Bu akışı her hissettiğimde aklıma bir film sahnesi gelir. İndiana Jones serisinin bir bölümünde kahramanımız elinde yerli kabilenin hazineleriyle birlikte bir kanyonun içinde yerlilerden kaçmaktadır. Kanyon daracık geçitlerden oluşuyor, karanlık. Öyle bir yere geliyor ki, yol bitiyor. Aşağısı uçurum. Yukarı doğru yol yok, karşı tarafa doğru geçit yok. İndiana’nın önünde derin ve kapkaranlık bir boşluk uzanıyor.
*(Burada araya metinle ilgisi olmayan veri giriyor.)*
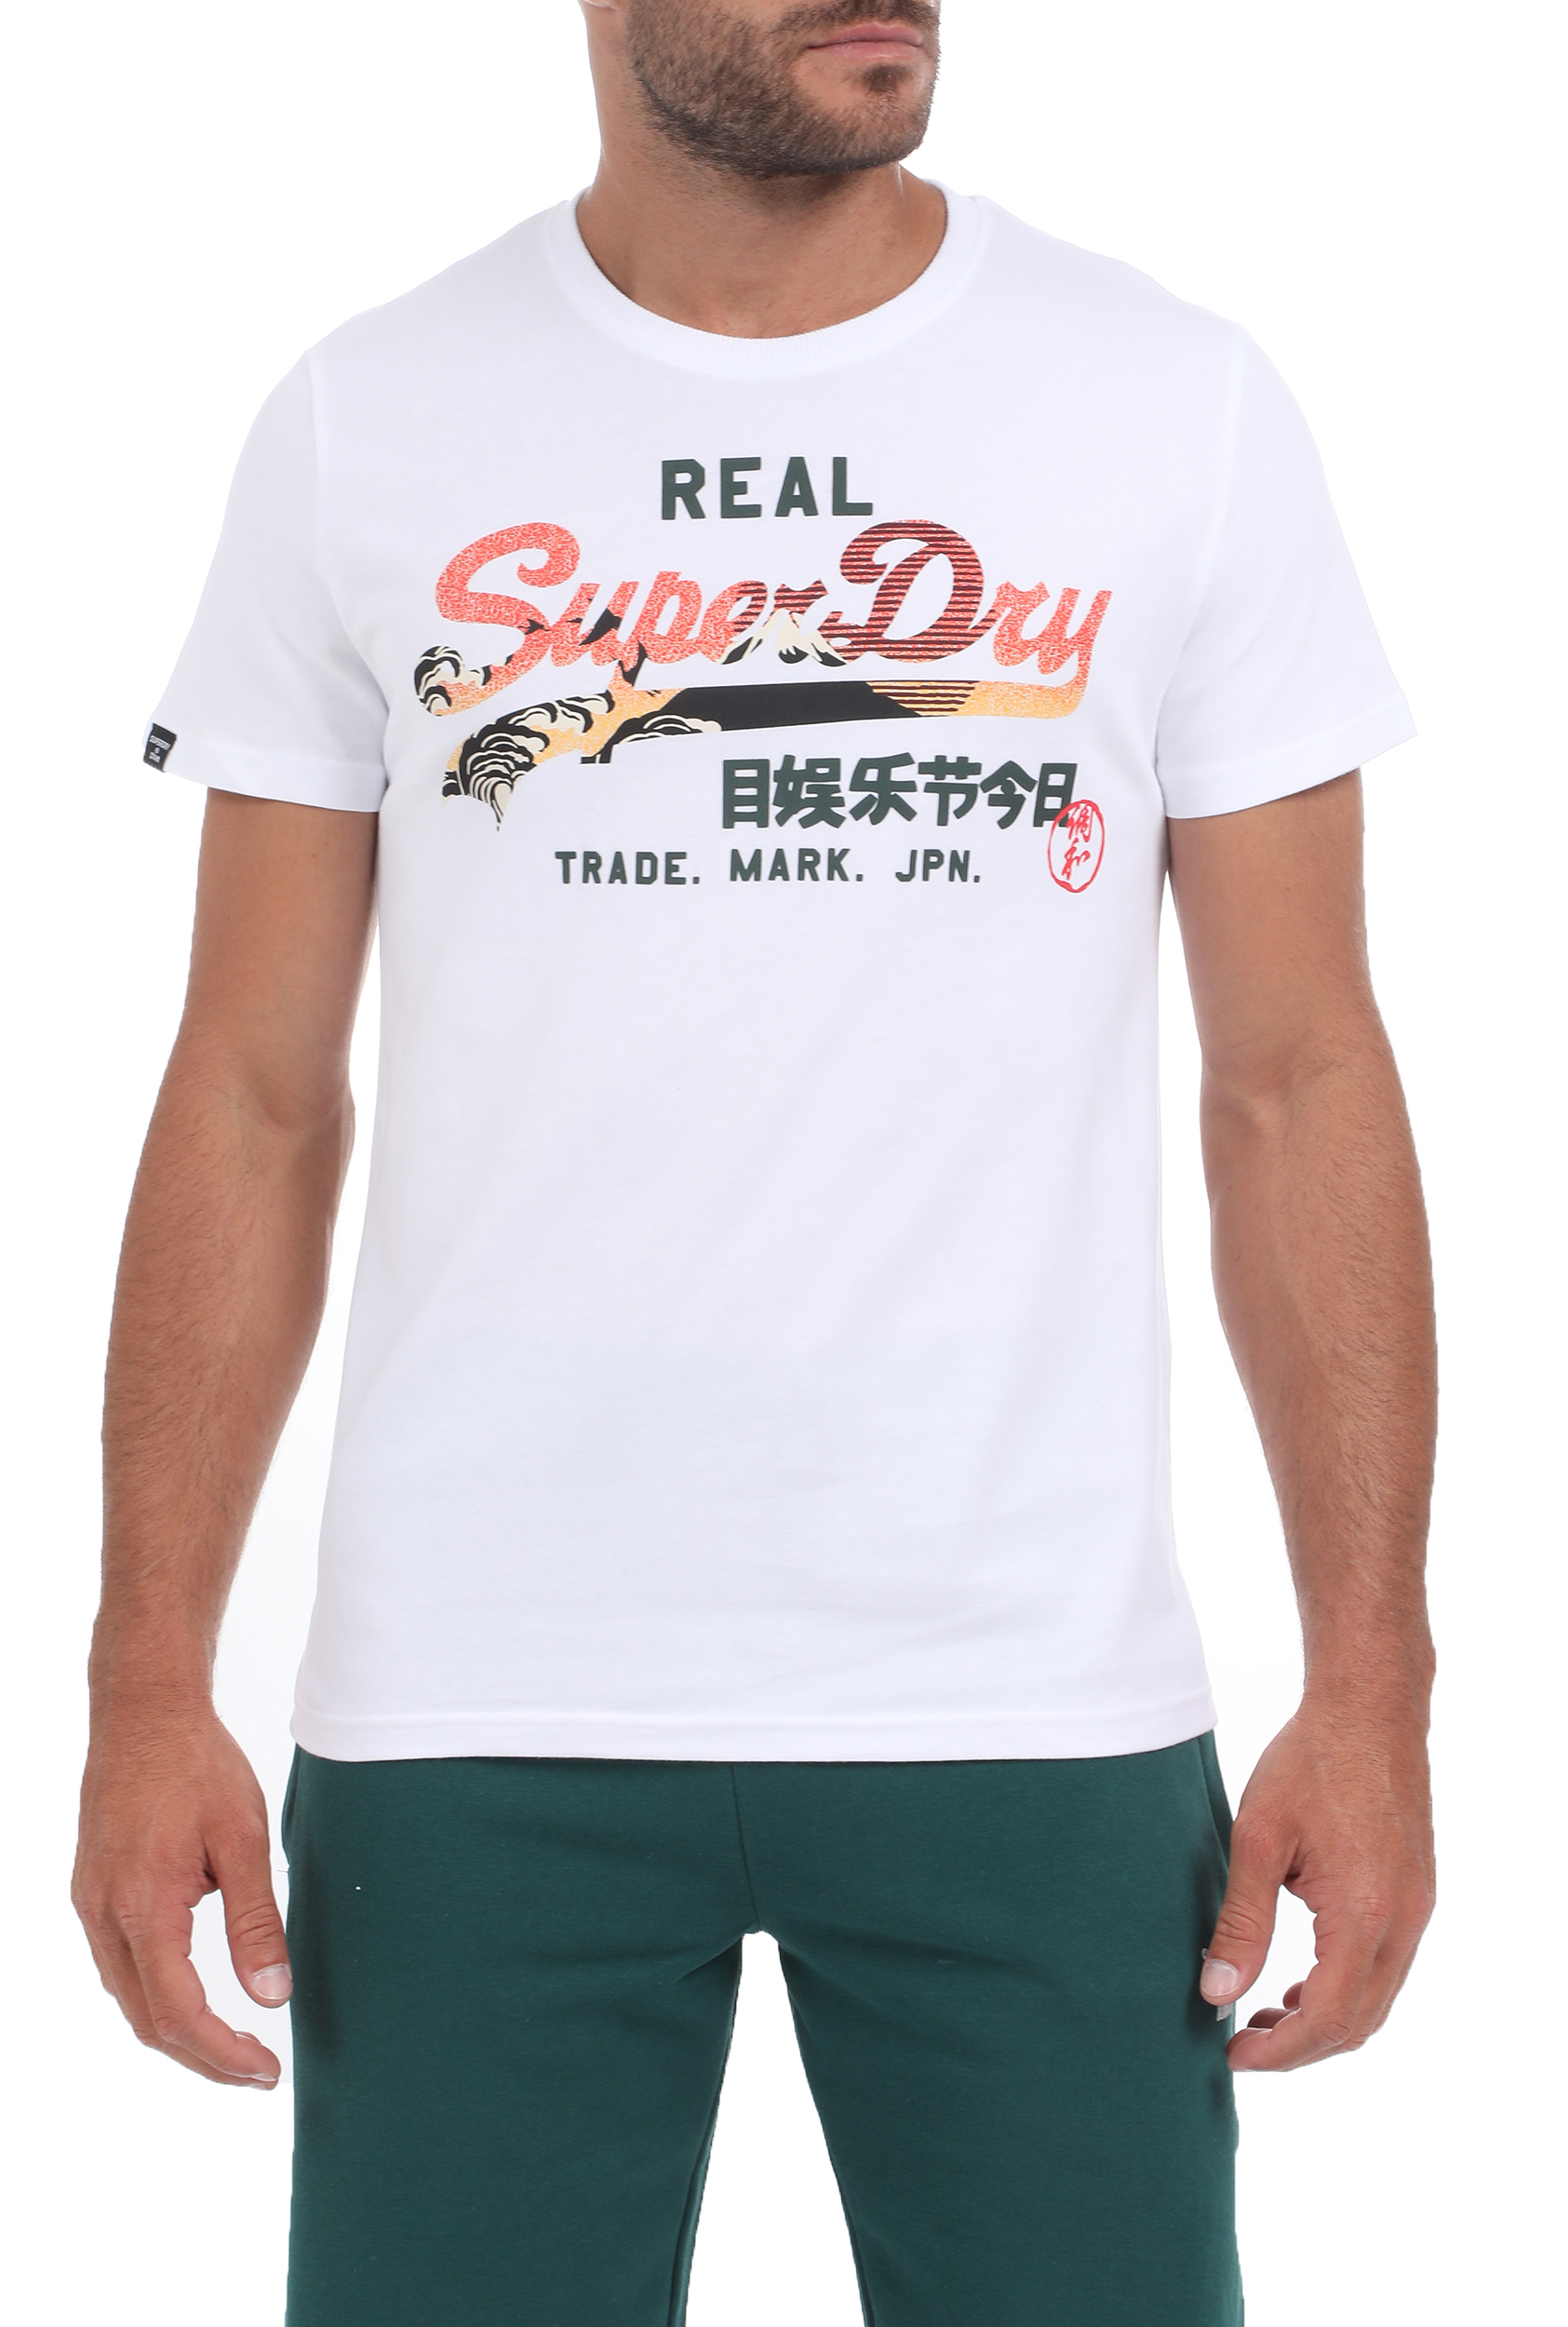 Ανδρικά/Ρούχα/Μπλούζες/Κοντομάνικες SUPERDRY - Ανδρική μπλούζα SUPERDRY VL ITAGO LW λευκή

Eğer yakalanırsa yerliler onu öldürecek. O anda hazinenin içindeki mesajı hatırlıyor: “sen adım attığında belirecek yollar.” İndiana çaresizce o derin karanlık boşluğa adımını atıyor. Düşüp öleceğini zannederken ayağının altında bir basamak belirdiğini fark ediyor şaşkınlıkla. İnanamayarak yeni bir adım daha atıyor ve o adımın altında da bir basamak beliriyor. İndiana her adım attığında ayağının altında basamaklar beliriyor. Önünde değil, altında. Yani her seferinde o adımı atma cesaretini göstermesi gerekiyor.
Belirsizliğin içinde güvenle yol almak bu olsa gerek. Burada denklemi tersine çevirmiş oluruz: Önce güvende hissedip sonra adım atmak yerine önce adım atıp sonra güvende hissederiz. Farkında olmadan dış faktörlerden bağımsız içsel bir güvenlik hissi geliştiririz. Biz adım attıkça hem üst beynimizin yenilik ihtiyacını hem de alt beynimizin güvenlik ihtiyacını karşılamış oluruz. Bütün beynimizle, ruhumuzla, özümüzle yola devam ederiz.
İşte hayatın başımıza geldiği o yol böyle bir yol. Kontrolü bir kenara koyup kendimizi o bilinmez boşluğa bıraktığımızda olan her şey hayat. Bizim hayatımız. Bize düşen tek şey bilinmezliğin içinde, başarısızlık riskine rağmen inandığımız şeyin peşinden gitmek ve cesaretle o adımı atmak.